Fraudsters will often exploit global events to try to deceive people and steal their money, personal information, or both, and the Coronavirus is the latest example. Scams using the pandemic as a lure are happening now, both globally and within the UK, and only look set to increase.

More than 500 reports of Coronavirus related frauds have been made to Action Fraud with total losses reaching £1.6m. During March alone reports increased by 400%, while Action Fraud said it had received more than 2,000 reports of Coronavirus themed phishing emails.

Criminals are escalating activity, which often targets vulnerable people who are currently self-isolating. As more people stay indoors, and work from computers and laptops at home, there is more opportunity for criminals to try and trick people into parting with their money.

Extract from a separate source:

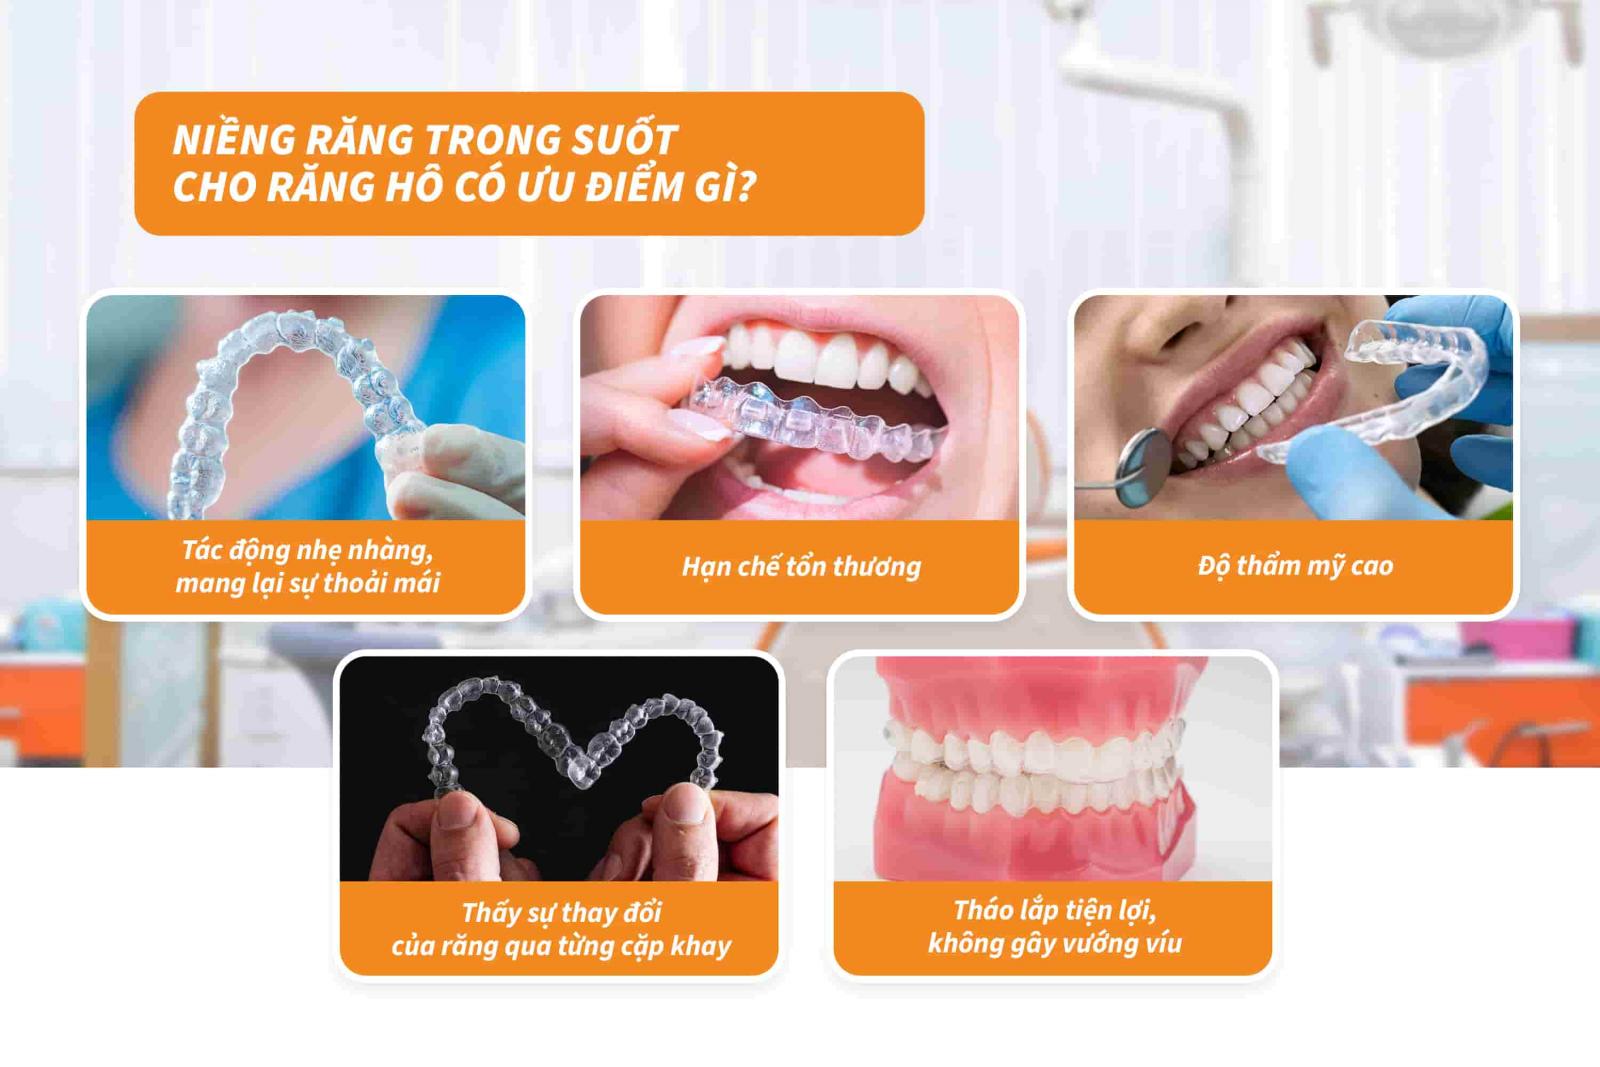 Niềng răng trong suốt cho răng hô có ưu điểm gì?

A variety of frauds have surfaced, including:

  • Unsuspecting consumers purchasing goods online which either never materialise or are counterfeit (such as face masks, hand sanitisers, anti-virus testing kits and vaccines);
  • Criminals posing as genuine organisations – such as banks, law enforcement, government, HMRC, the World Health Organisation and other health service providers;
  • Shopping or medication collection services – often the most vulnerable in society are targeted, and criminals steal bank/credit card details, PIN numbers, and/or cash;
  • Fake employment offers – criminals offer individuals positions as key workers, as long as they pay an advance fee for vetting or background checks
  • Home cleaning services – reports have been received of criminals charging £40 per room;
  • Holiday refund scams, charity fraud, lender loan fraud, and more

To help protect you, look out for these three frauds in particular:

Investment scams

We are in a period of great uncertainty and apprehension.  The cumulative impact of factors such as market volatility, employment/income uncertainty, and interest rate cuts are creating conditions and an environment where fraud could potentially thrive.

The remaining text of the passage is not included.